_Task item_:
A letter-for-letter copy of the listing is required, with no pictures in it.

_Data below_:
^^^^^^^^
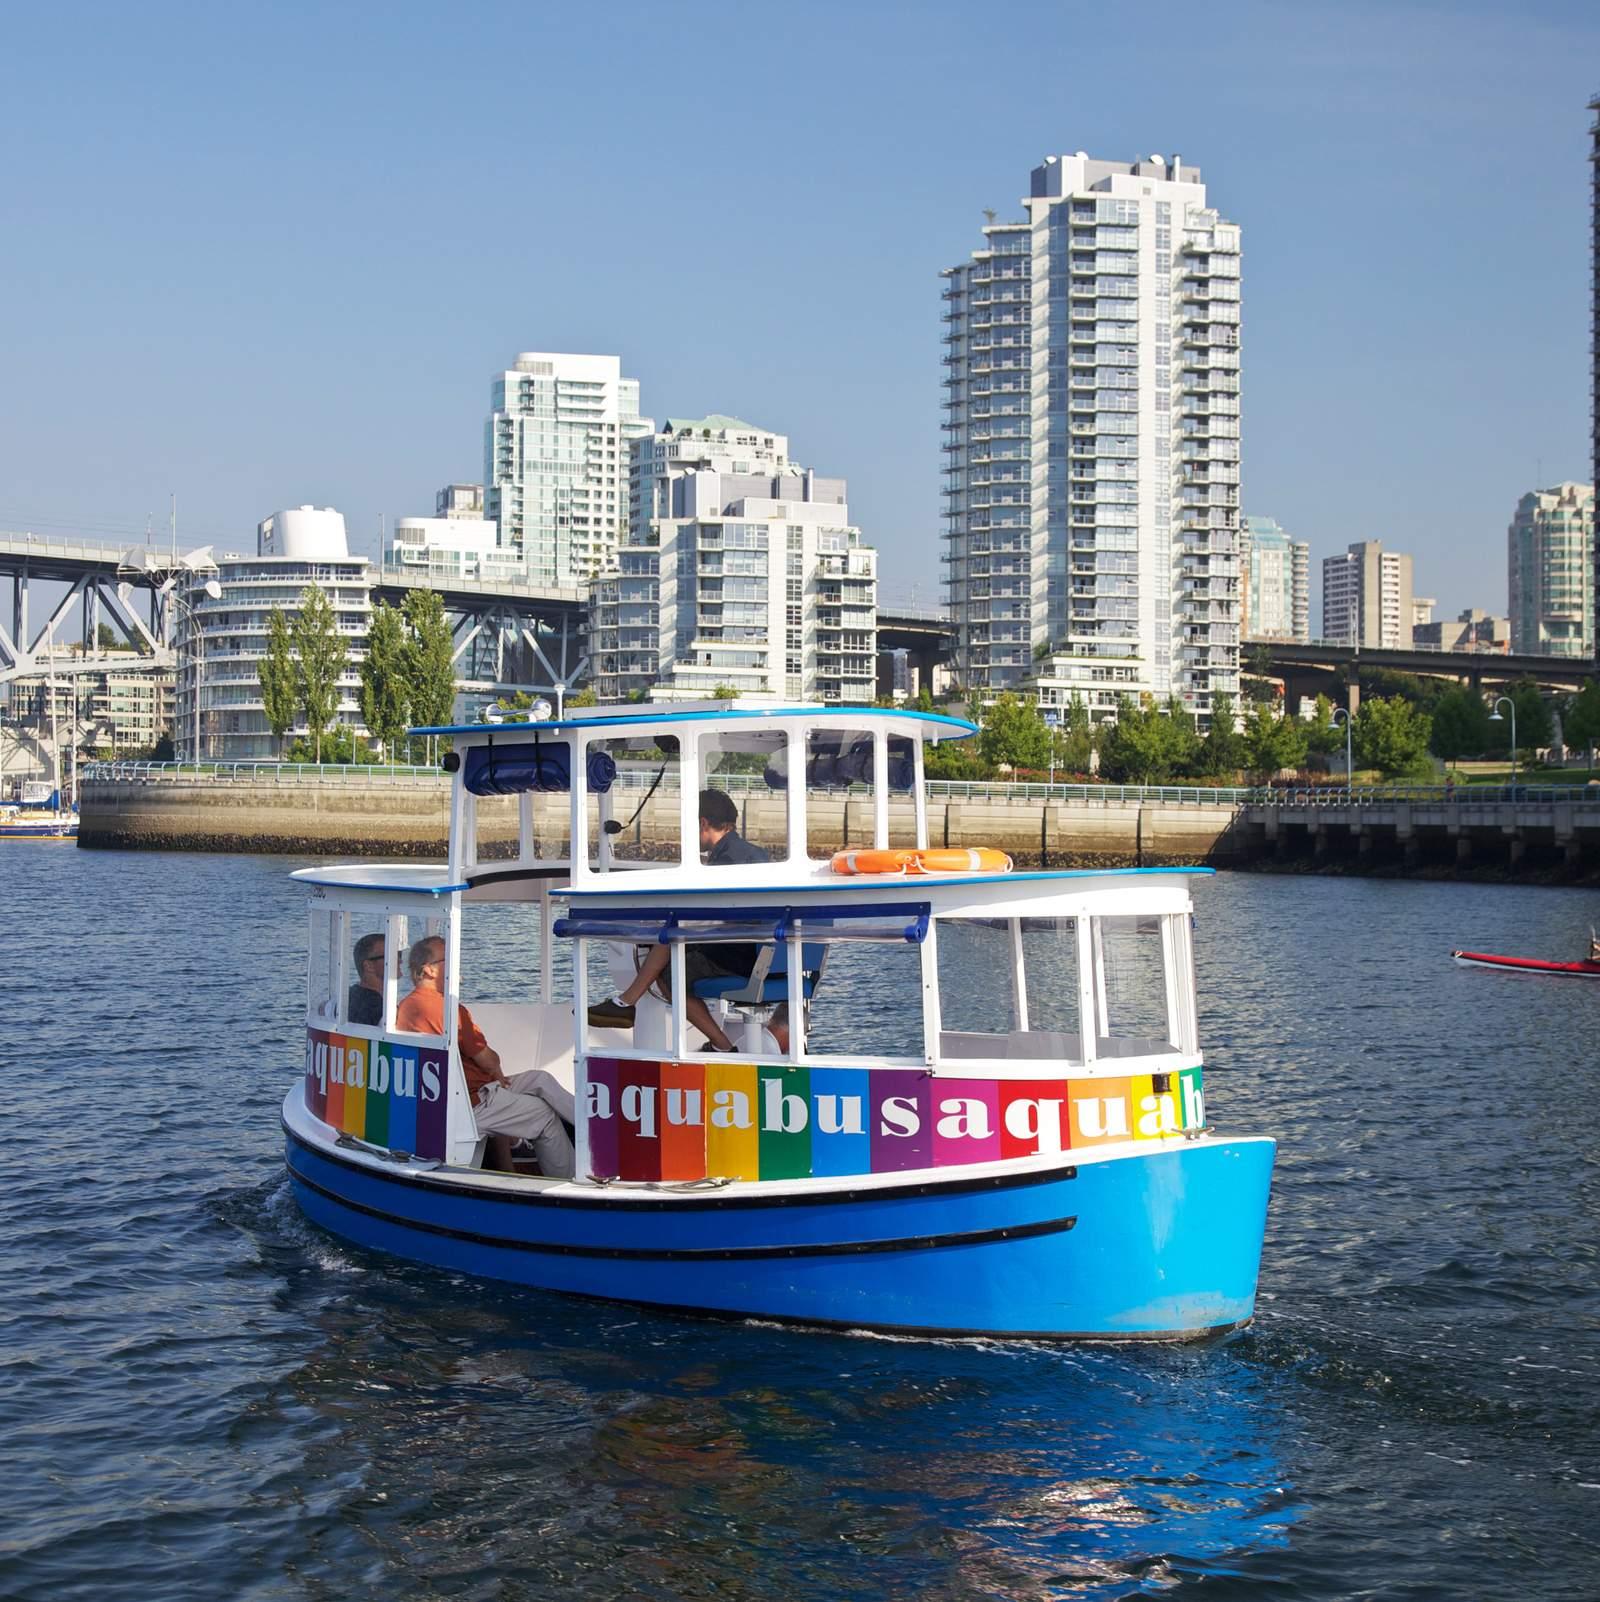 Aqua Bus bei False Creek in Vancouver, British Columbia
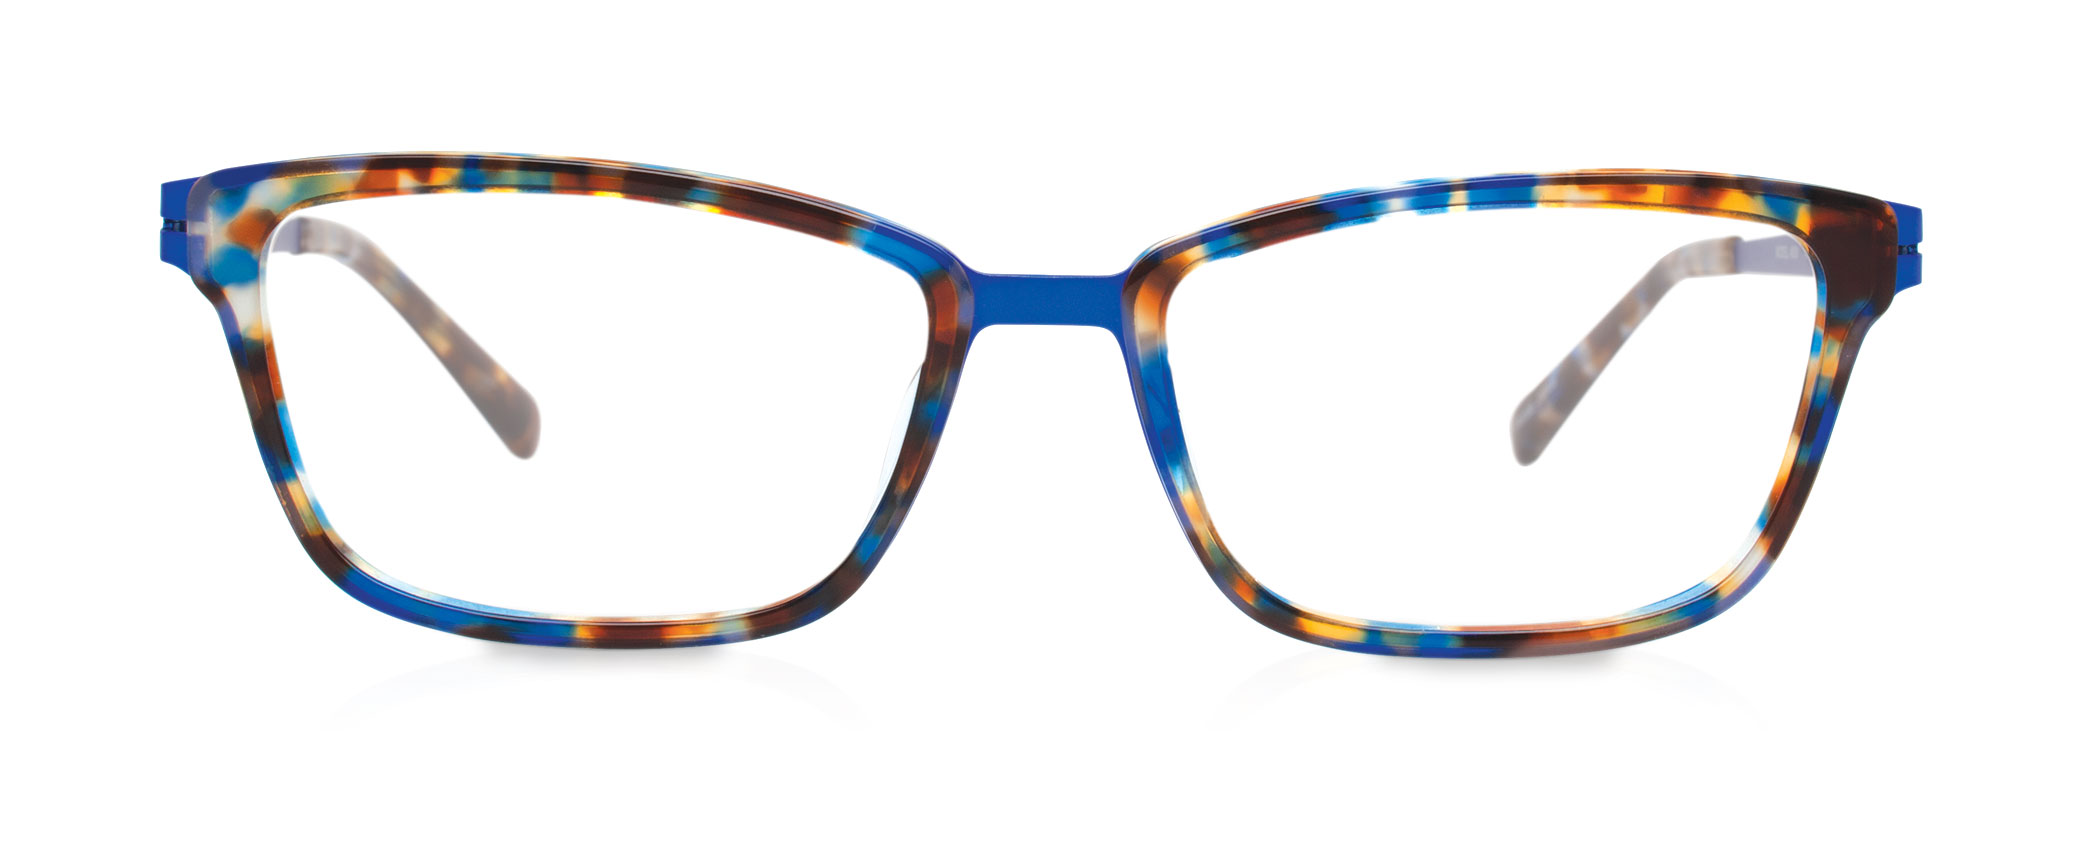 Glasses Frames Lancaster Pa : INVISIONMAG.COM - Hot Sellers: April 2016
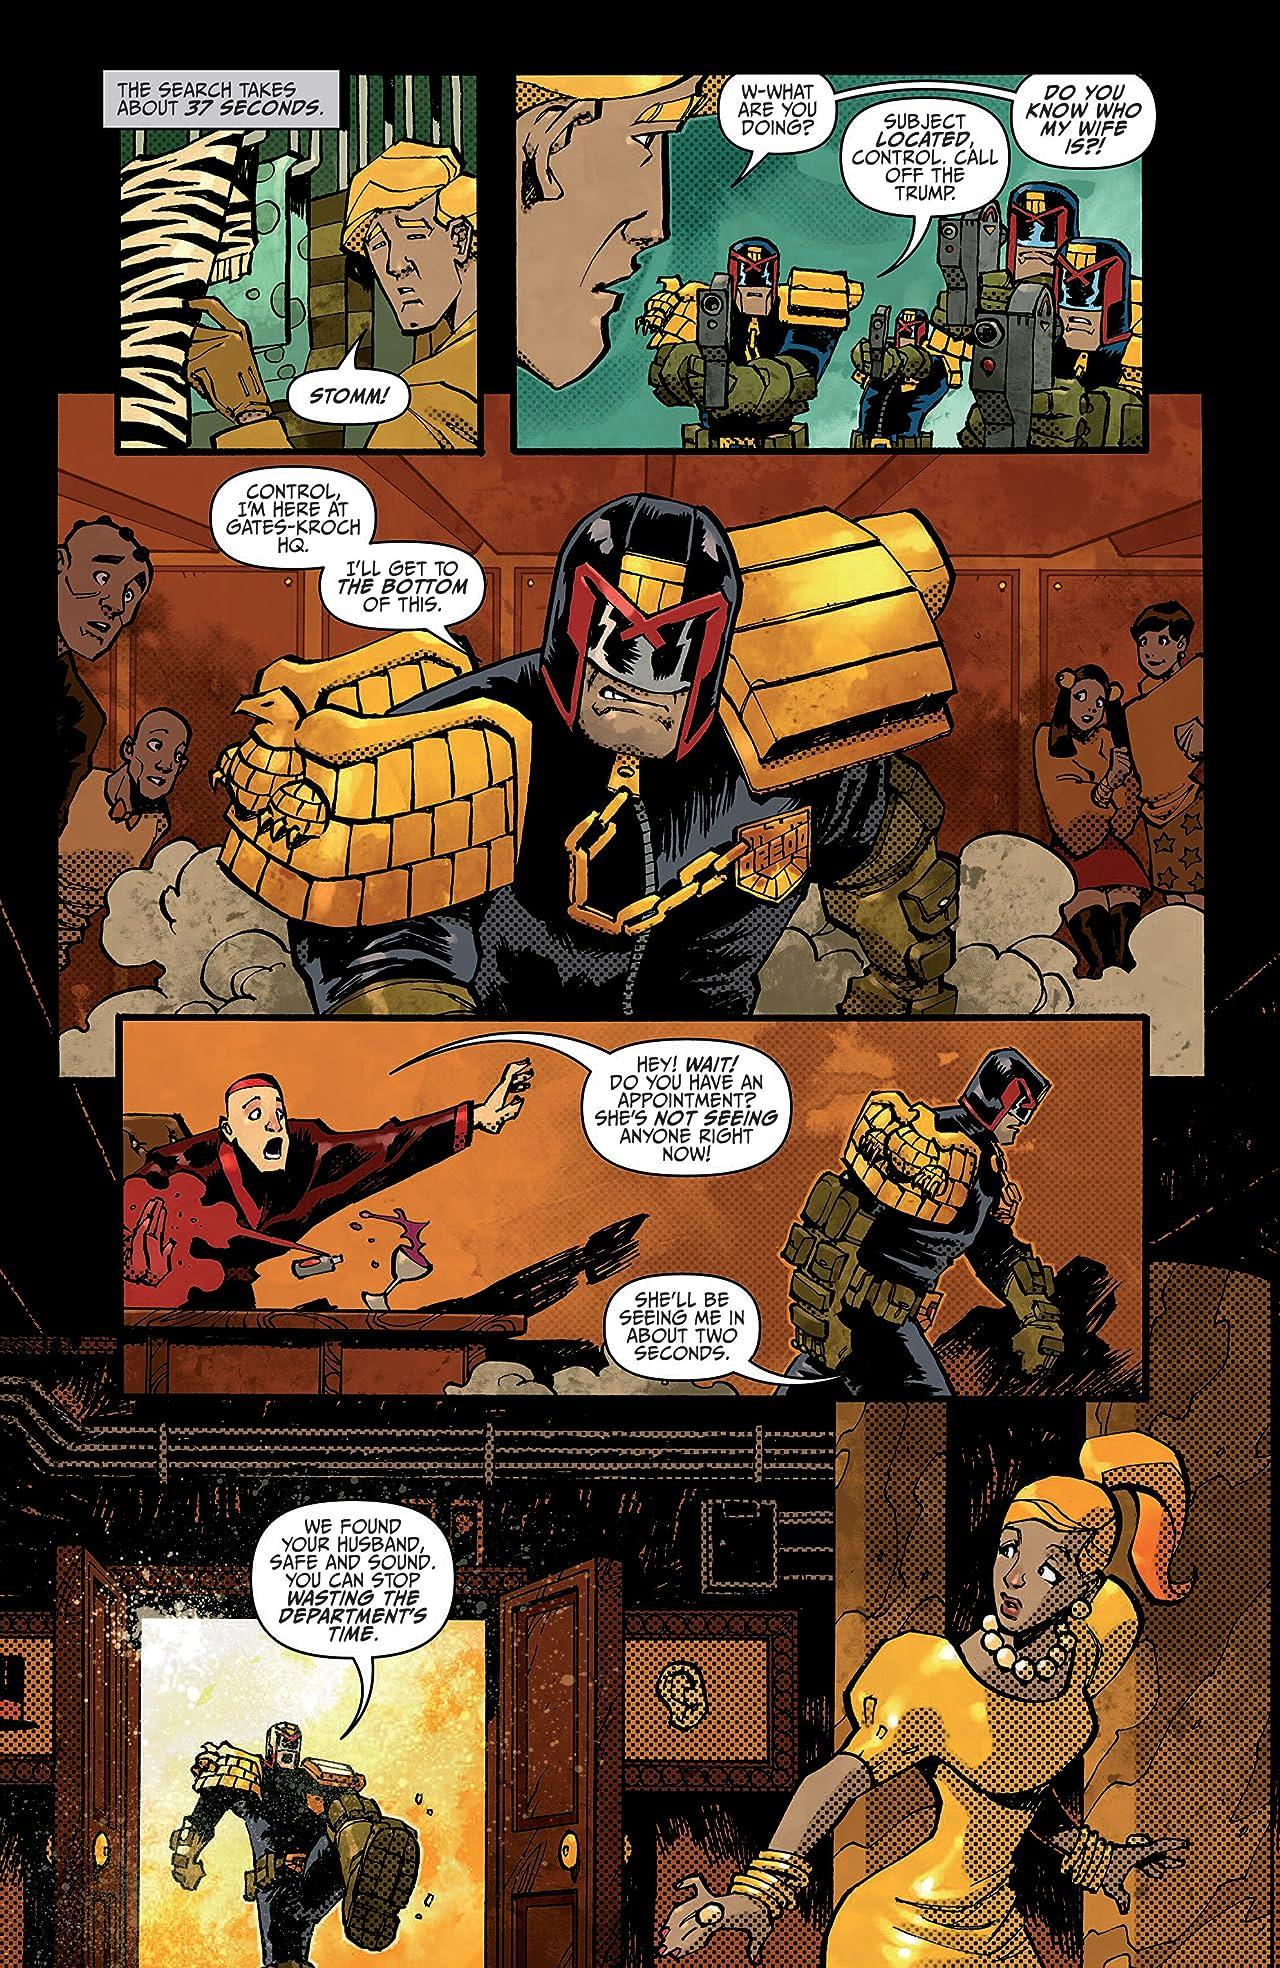 Judge Dredd #3
^^^^^^^^
_Exercise solution_:
 Aqua Bus bei False Creek in Vancouver, British Columbia
 Glasses Frames Lancaster Pa : INVISIONMAG.COM - Hot Sellers: April 2016
 Judge Dredd #3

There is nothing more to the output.